In [7]:
import pandas as pd
import numpy as np
from sklearn.ensemble import RandomForestClassifier
from xgboost import XGBClassifier
from sklearn.ensemble import GradientBoostingClassifier
from sklearn.linear_model import LogisticRegression
from sklearn.neural_network import MLPClassifier
from sklearn.svm import SVC
from sklearn.model_selection import GridSearchCV
from sklearn.model_selection import GridSearchCV
from sklearn.model_selection import StratifiedKFold
from sklearn.metrics import f1_score
from sklearn.metrics import make_scorer
from itertools import product

from sklearn.datasets import make_classification
from sklearn.model_selection import train_test_split
from sklearn.preprocessing import LabelEncoder
from joblib import Parallel, delayed
import joblib


In [8]:
dataset = pd.read_csv('dataset.csv', index_col=False)
not_features = ["Path", "Emotional_intensity", "Statement", "Gender"]
features_data = dataset.drop(columns=not_features)

features_data.dropna(inplace=True)
actor_list = [1, 12, 7, 24]
test_set = features_data.loc[features_data['Actor'].isin(actor_list)]
training_set = features_data.drop(test_set.index)

In [9]:
training_actors = training_set['Actor']
training_actors = training_actors.unique()

print(training_actors)

training_actors_m = []
training_actors_f = []
for actor in training_actors:
    if (actor%2 == 0):
        training_actors_f.append(actor)
    else:
        training_actors_m.append(actor)

[ 2  3  4  5  6  8  9 10 11 13 14 15 16 17 18 19 20 21 22 23]


In [10]:
# Define the model
model1 = RandomForestClassifier(max_samples=0.9, n_estimators=200, max_depth=None, n_jobs=-1, random_state=42)
model2 = XGBClassifier(objective='binary:logistic', reg_alpha=0.5, reg_lambda=1.0, n_estimators=200, random_state=42)
model3 = GradientBoostingClassifier(n_estimators=200, max_features=2, max_depth=None, random_state=42, subsample=0.9)
model4 = LogisticRegression(random_state=42, max_iter=300)
model5 = MLPClassifier(random_state=42, max_iter=300)
model6 = SVC(random_state=42)

 # Define the grid
param_grid = {
    "max_samples": [0.3, 0.6, 0.7, 0.9, 0.11],
    "n_estimators": [200, 400, 600, 700, 800]
}

param_grid2 = {
    "n_estimators": [200, 400, 600],
    "reg_alpha": [0.5, 1, 1.5],
    "reg_lambda": [0.5, 1, 1.5]
}

param_grid_gb = {
    "n_estimators": [200, 400, 600],
    "max_features": [2, 3, 4],
    "subsample": [0.6, 0.8, 0.9],
    "learning_rate": [0.01, 0.1, 0.2]
}

param_grid_logreg = {
    "C": [0.1, 1, 10],
    "penalty": ["l2"],
    "solver": ["lbfgs", "liblinear"]
}

param_grid_svc = {
    "C": [0.1, 1, 10],
    "kernel": ["linear", "rbf"],
    "gamma": ["scale", "auto"]
}
skf = StratifiedKFold(n_splits=5, shuffle=True, random_state=42)

In [11]:
def GridSearch(model, param_grid):
    best_score = 0.0
    best_params = {}

    param_names = param_grid.keys()
    param_values = param_grid.values()
    param_combinations = list(product(*param_values))
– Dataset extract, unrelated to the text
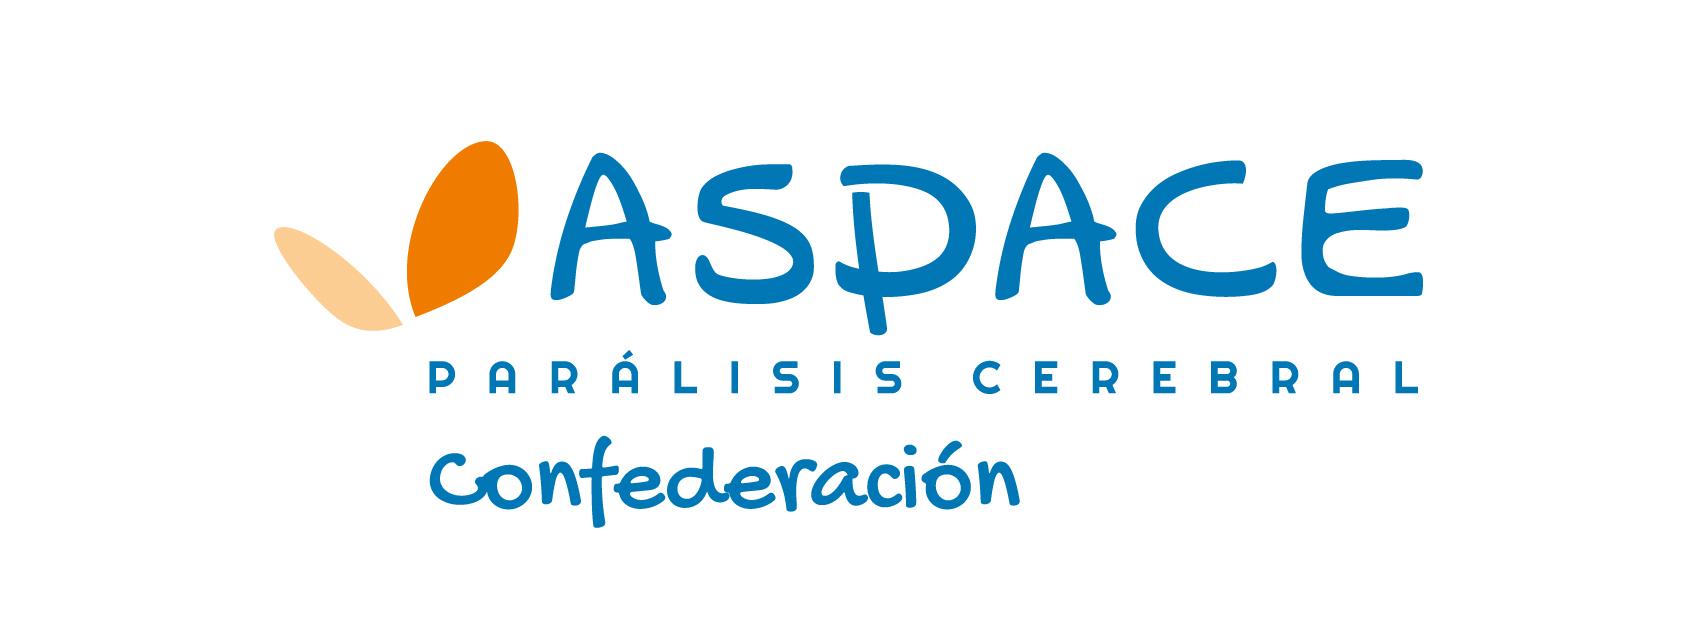 Confederación ASPACE

    # Definire una funzione per essere eseguita in parallelo
    def evaluate_combination(params):
        param_combination = dict(zip(param_names, params))
        model_accuracy = []
        model_f1 = []

        for i in range(10):
            m = training_actors_m[i]
            f = training_actors_f[i]
            cross_test_set = training_set.loc[training_set['Actor'].isin([m, f])]
            cross_training_set = training_set.drop(cross_test_set.index)
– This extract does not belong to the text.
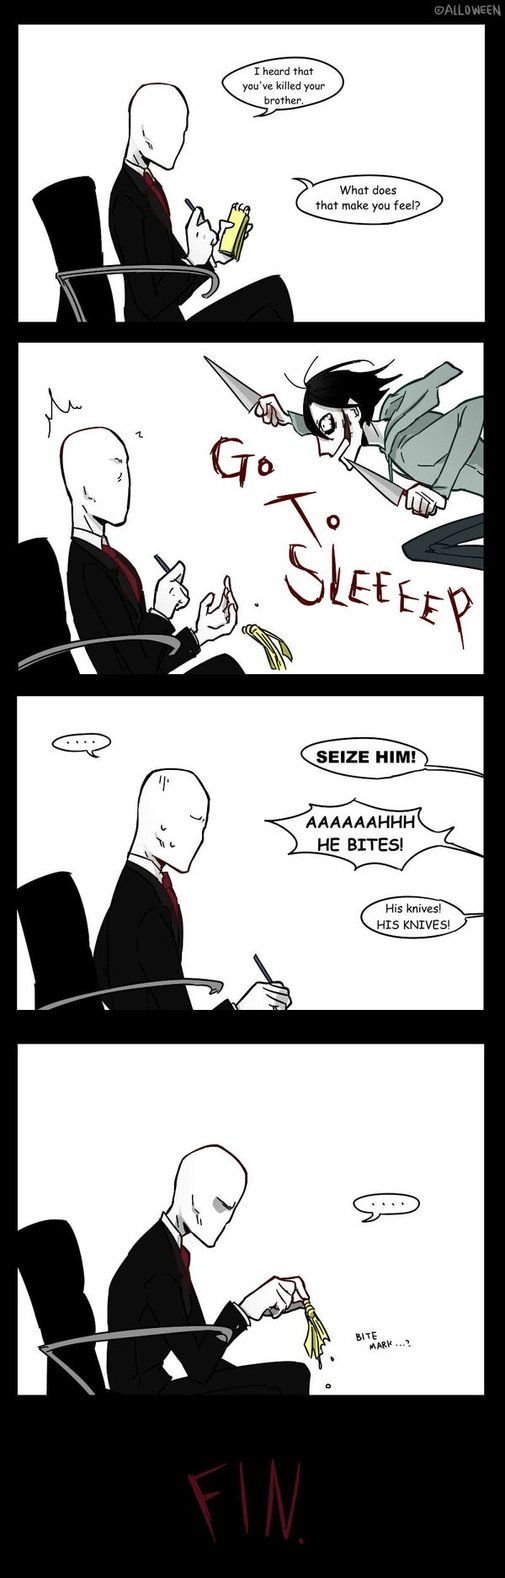 Slender PhD : Jeff the Killer by Alloween

            y_train = cross_training_set["Emotions"]
            X2d_train = cross_training_set[dataset.columns[6:]]
            y_test = cross_test_set["Emotions"]
            X2d_test = cross_test_set[dataset.columns[6:]]

            # Crea una nuova istanza del modello
            model_instance = model.__class__(**param_combination)

            # Fai il fitting del modello
            model_instance.fit(X2d_train, y_train)

            # Registra i risultati
            model_accuracy.append(model_instance.score(X2d_test, y_test))
            y_pred = model_instance.predict(X2d_test)
            model_f1.append(f1_score(y_test, y_pred, average="macro"))

        avg_accuracy = sum(model_accuracy) / len(model_accuracy)
        avg_f1 = sum(model_f1) / len(model_f1)

        return param_combination, avg_accuracy, avg_f1

    # Parallelizza la valutazione delle combinazioni
    results = Parallel(n_jobs=-1)(delayed(evaluate_combination)(params) for params in param_combinations)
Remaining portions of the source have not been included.